[Material provided Boundary: Start]
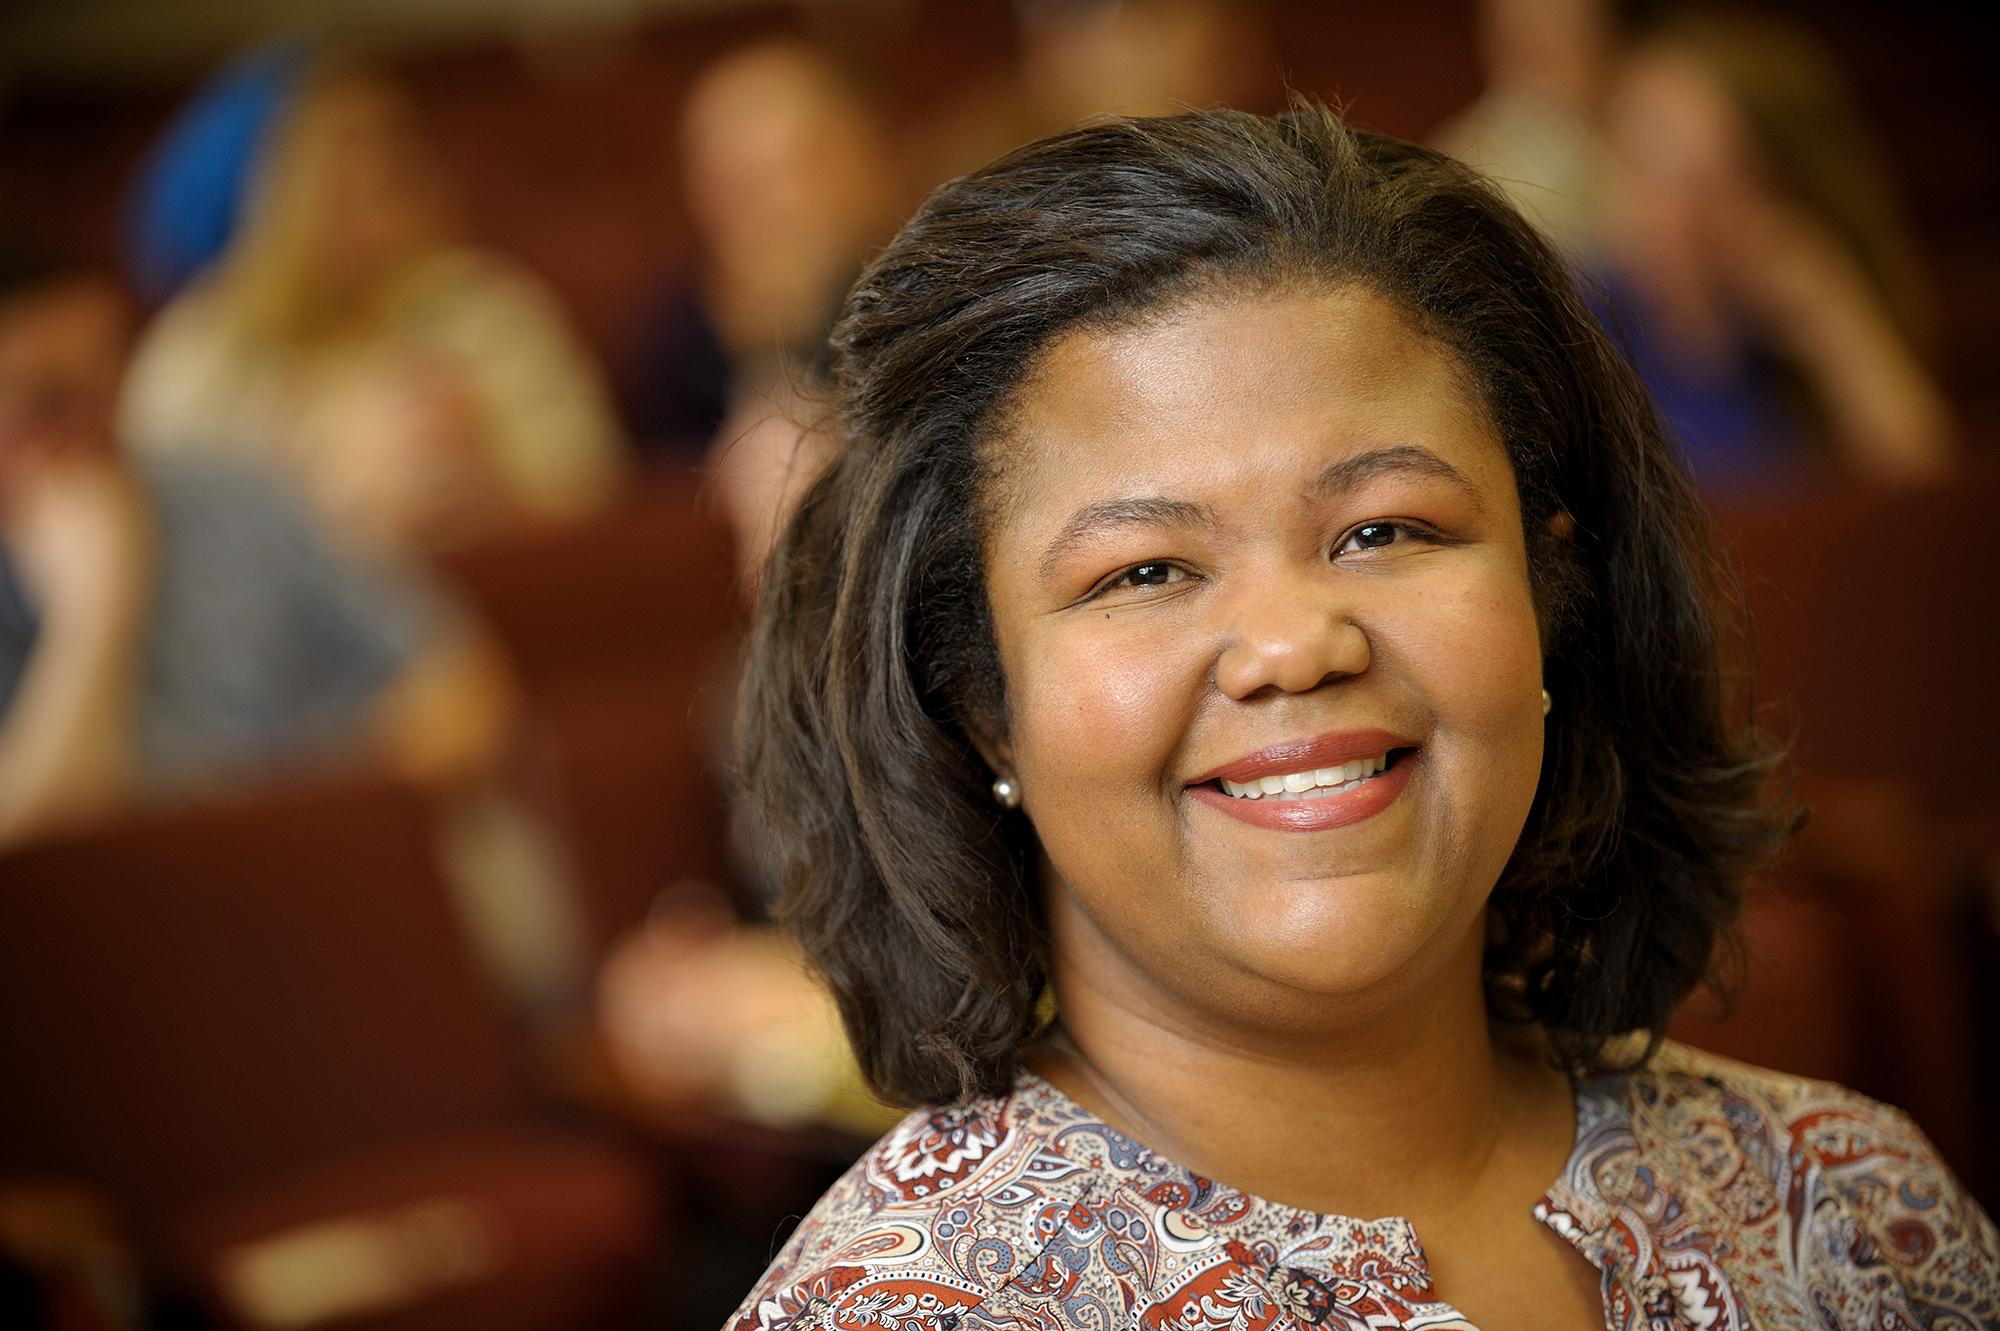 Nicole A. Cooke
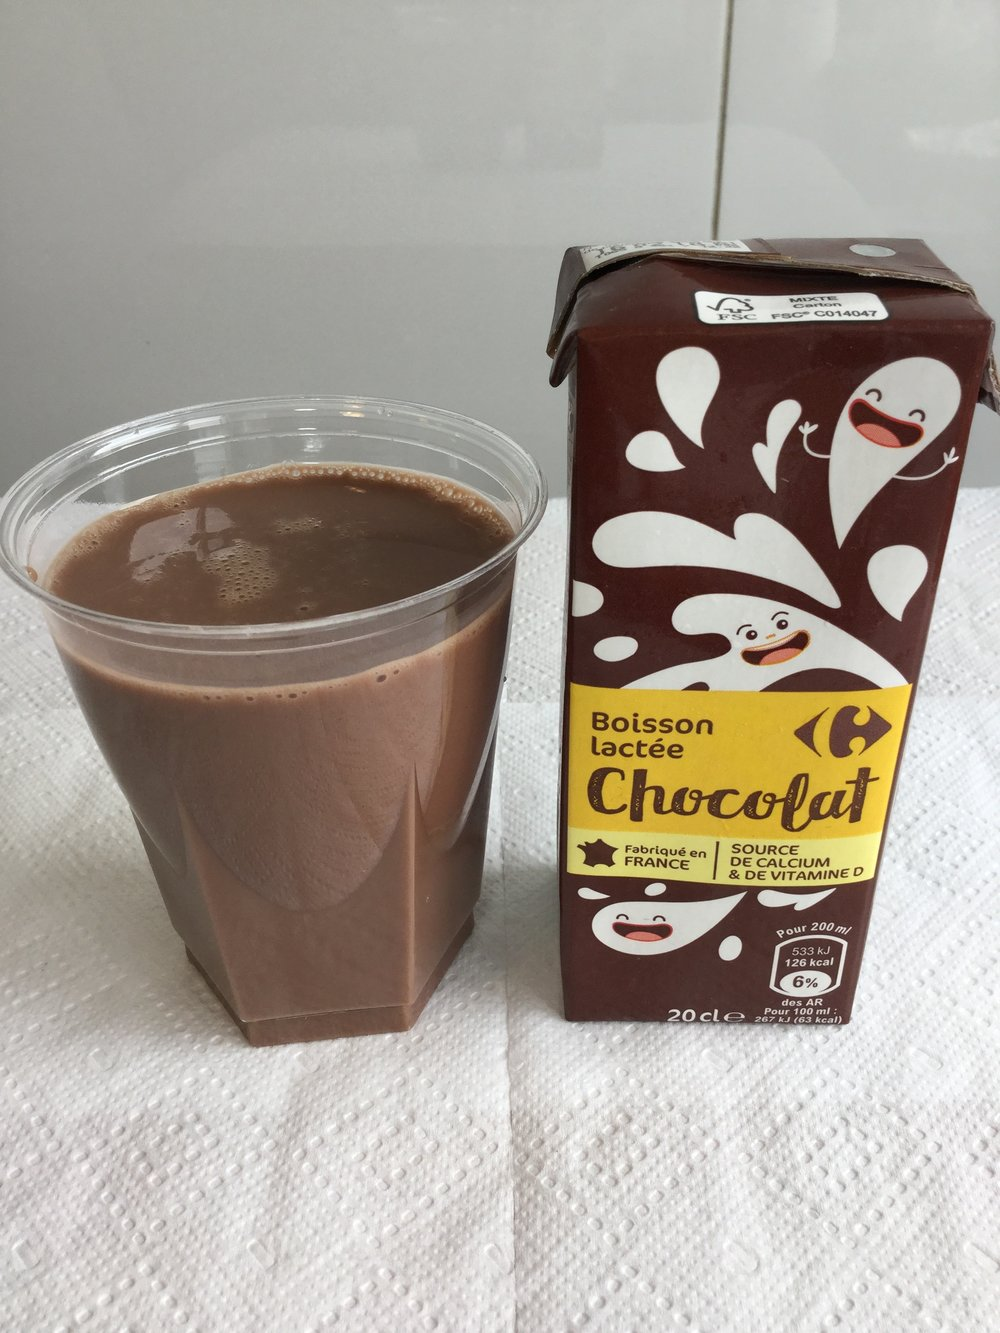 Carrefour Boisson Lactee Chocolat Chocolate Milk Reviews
[Material provided Boundary: End]
[Material provided Boundary: Start]
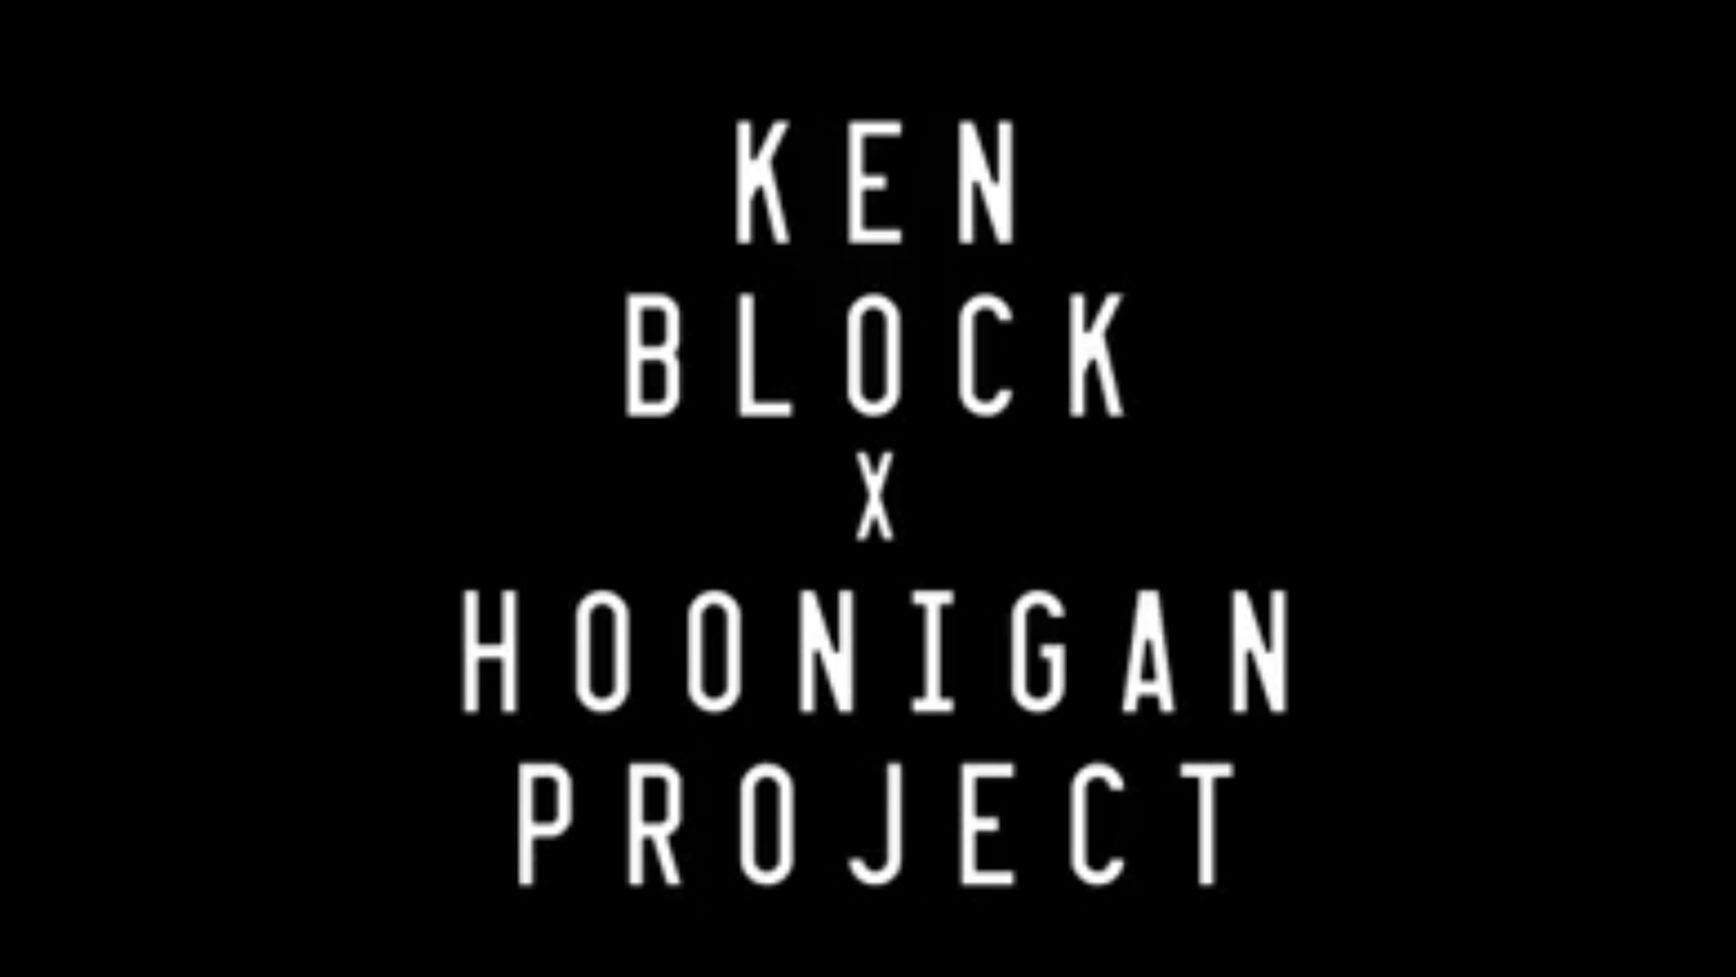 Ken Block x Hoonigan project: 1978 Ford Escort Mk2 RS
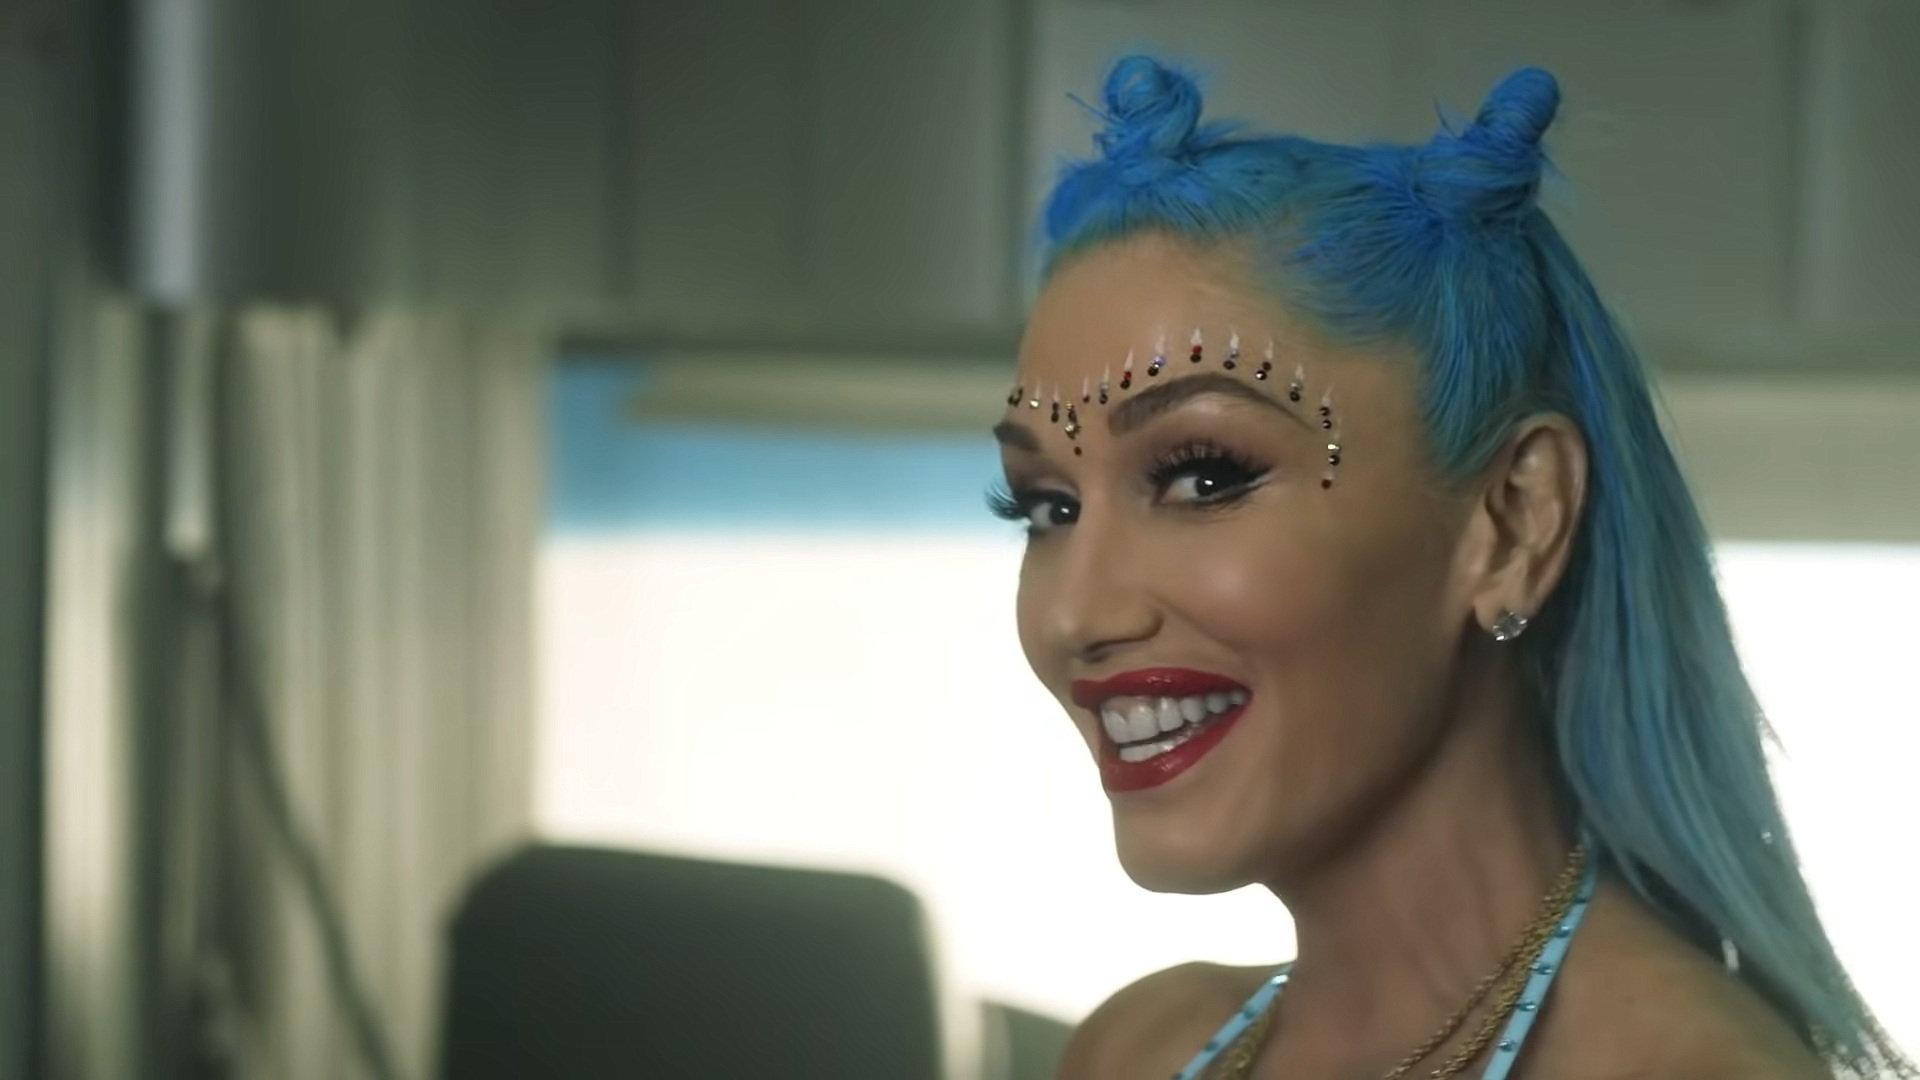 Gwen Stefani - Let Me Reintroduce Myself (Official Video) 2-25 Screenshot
[Material provided Boundary: End]
[Material provided Boundary: Start]
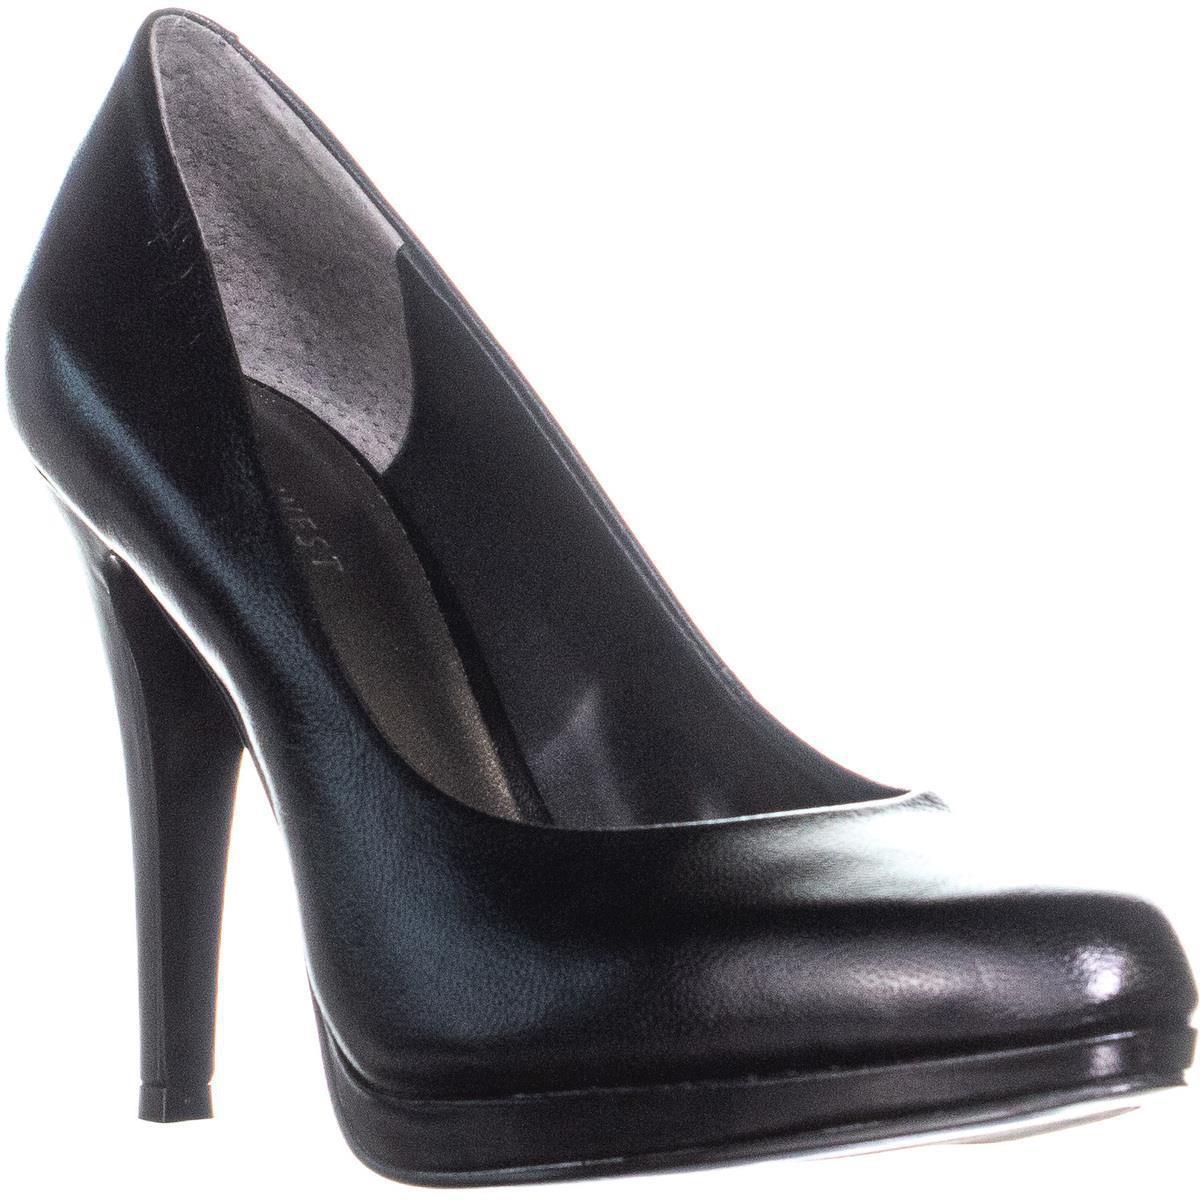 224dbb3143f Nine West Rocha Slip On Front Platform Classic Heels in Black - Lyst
[Material provided Boundary: End]
* **Assignment**: In the entries above, which lines run from the one with "Nicole A. Cooke" up to and including the one with "Carrefour Boisson Lactee"? Write them out exactly, without the pictures.

* **Solution to this exercise**:
 Nicole A. Cooke
 Carrefour Boisson Lactee Chocolat Chocolate Milk Reviews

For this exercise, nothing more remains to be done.